• [WORK ITEM]
Print the listing in its entirety and exactly, leaving out images.
[Opening GIVEN DATA section]
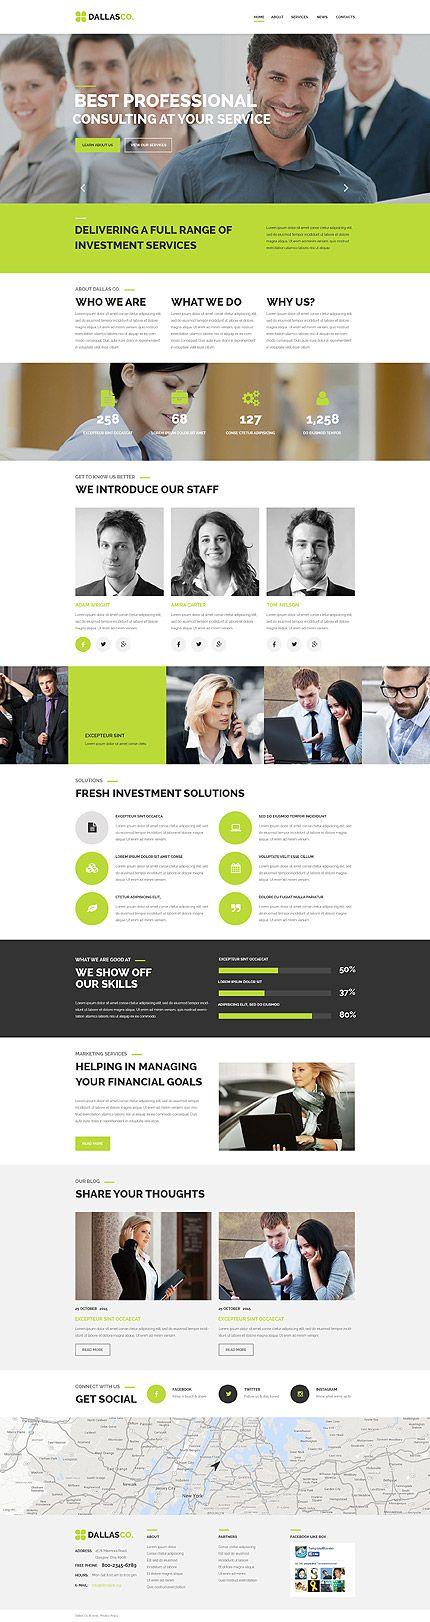 websites templates for sale
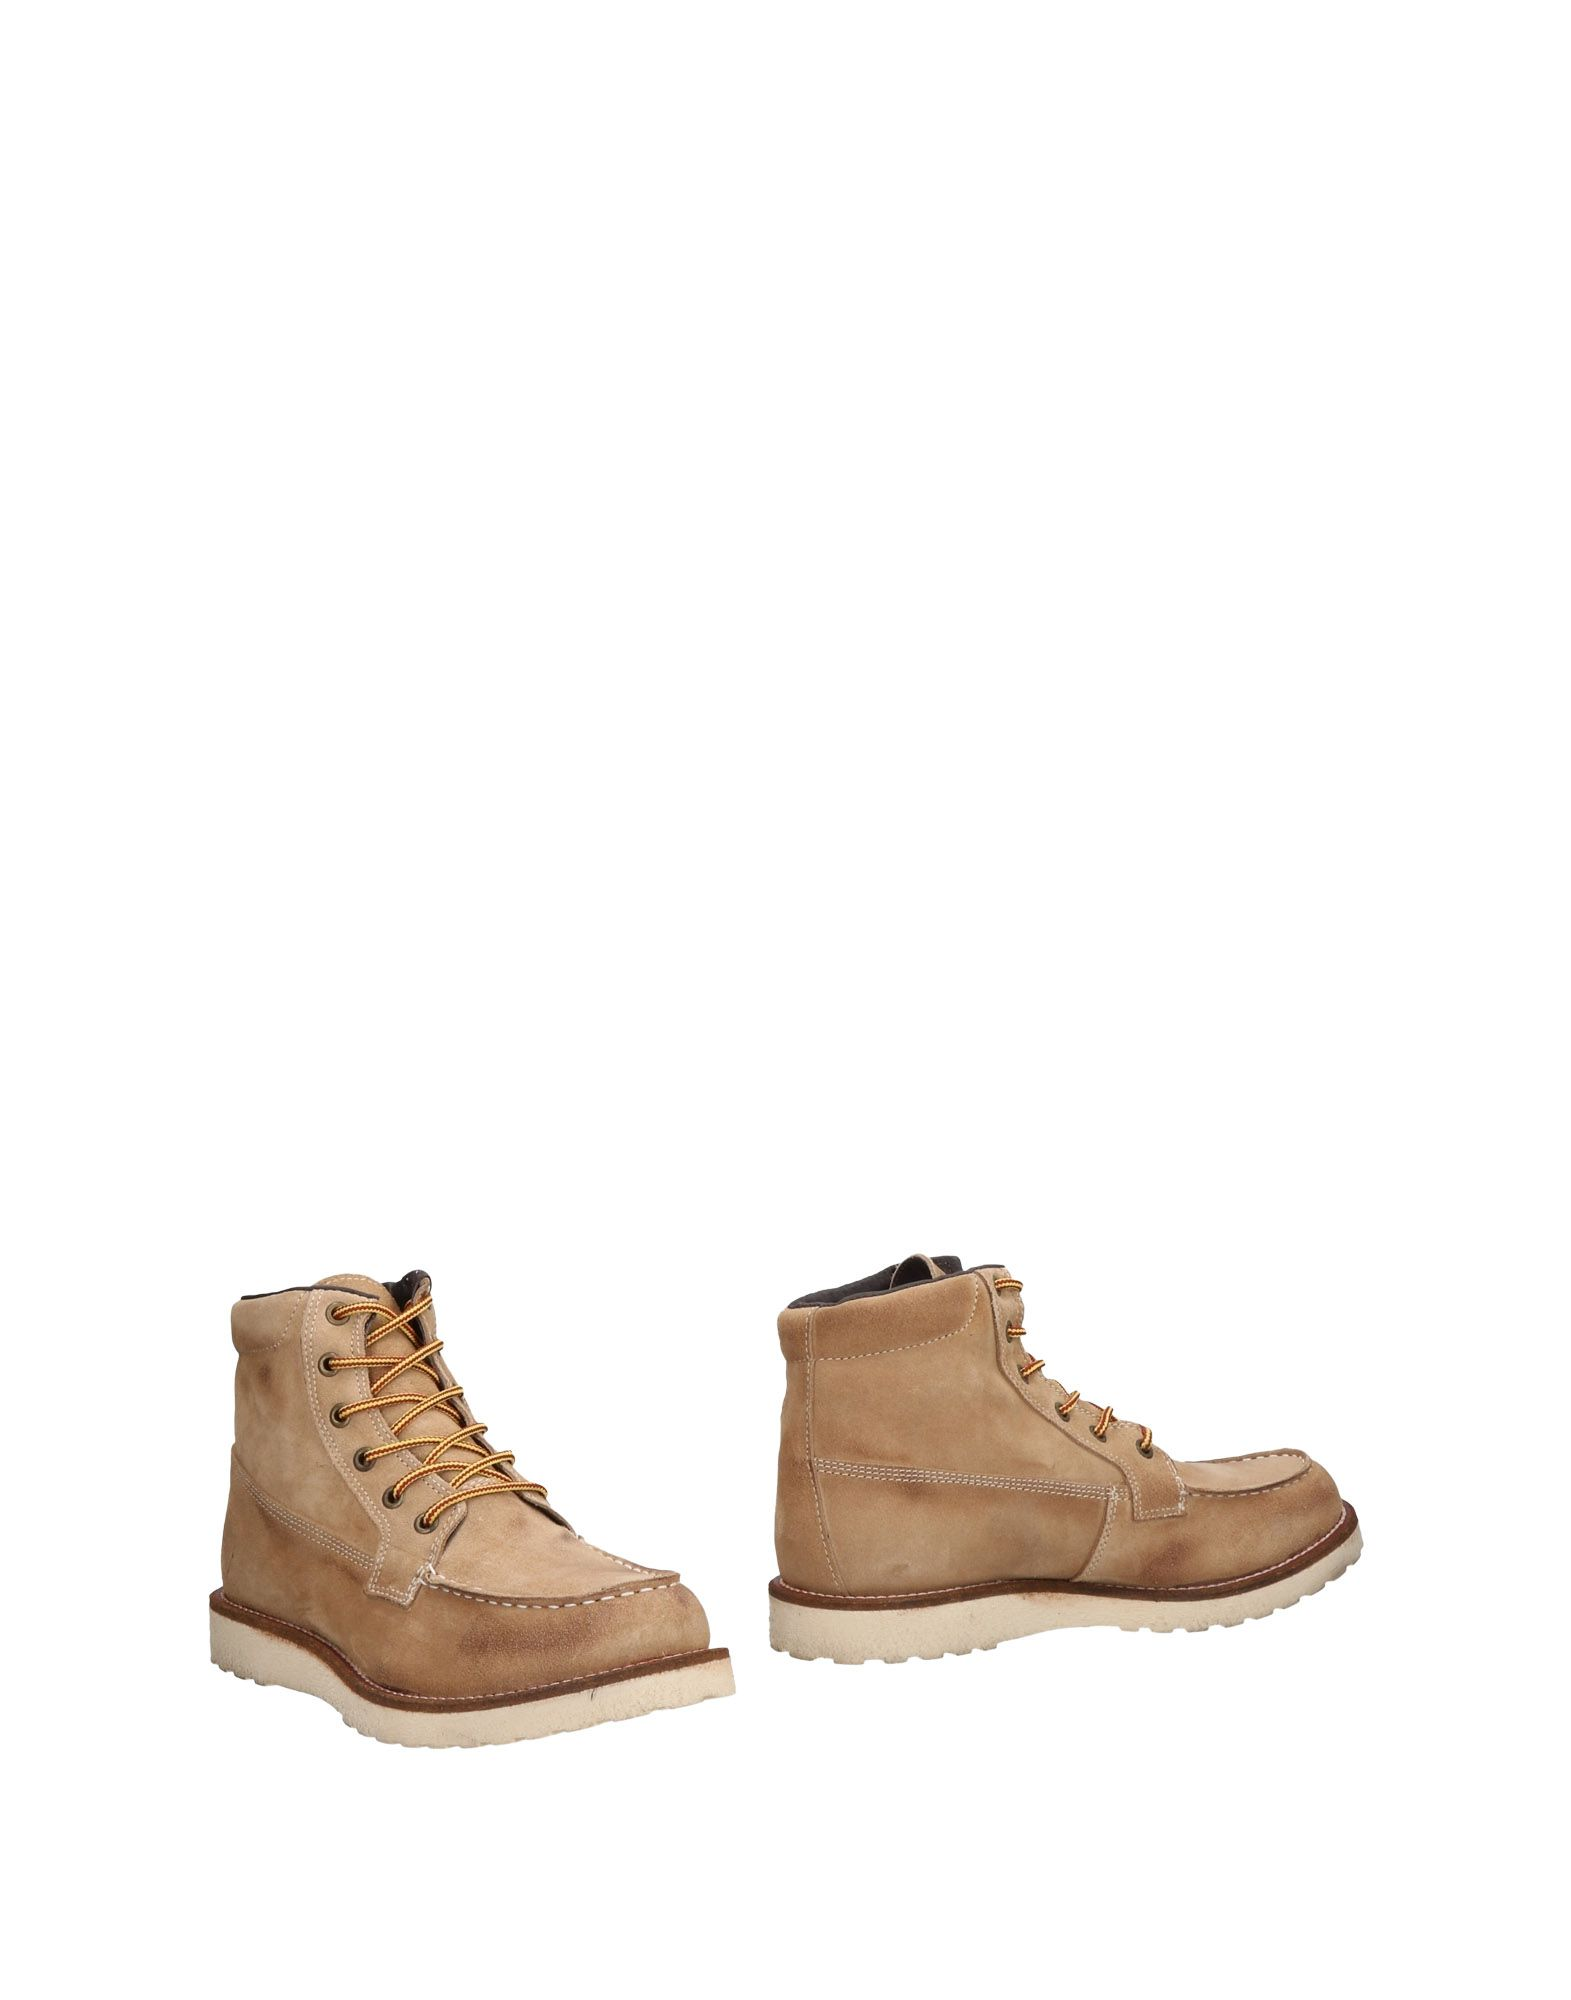 Haltbare Mode billige Schuhe Selected Stiefelette Herren  11468753AI Heiße Schuhe
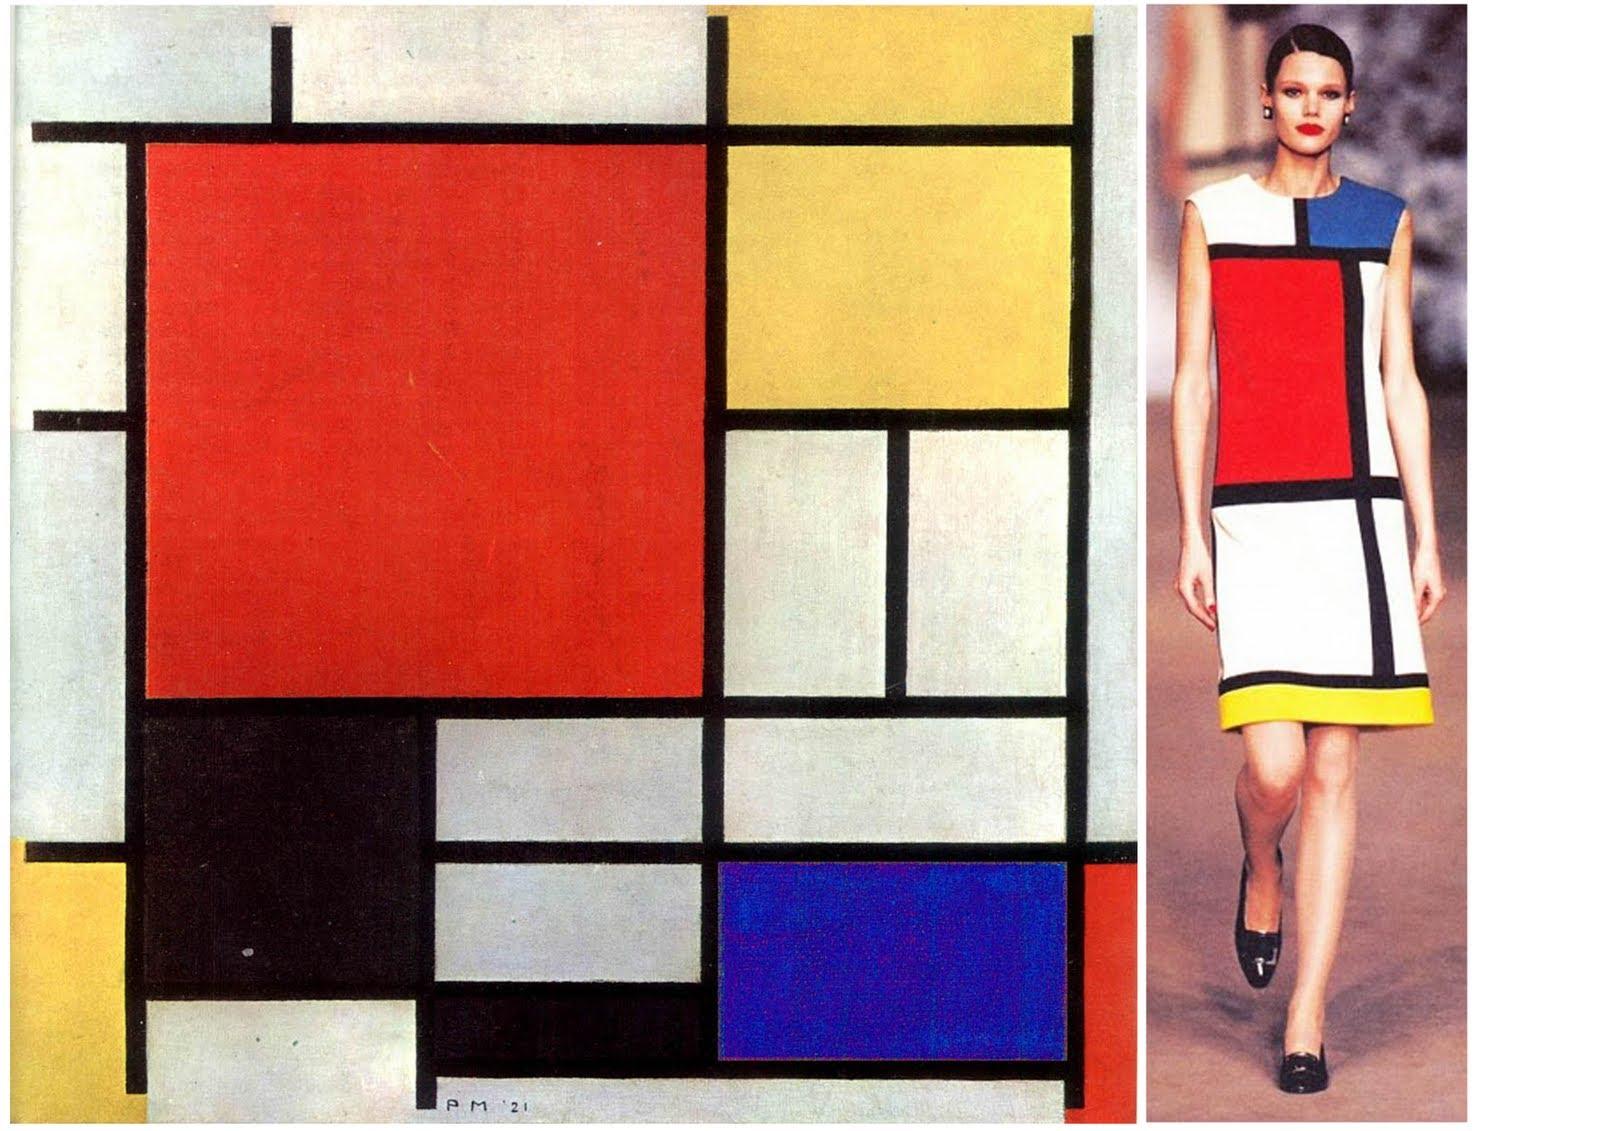 Коллекция Yves Saint Laurent 1965 года по картинам Пита Мондриана
[Closing GIVEN DATA section]
• [EXERCISE ANSWER]
 websites templates for sale
 Haltbare Mode billige Schuhe Selected Stiefelette Herren  11468753AI Heiße Schuhe
 Коллекция Yves Saint Laurent 1965 года по картинам Пита Мондриана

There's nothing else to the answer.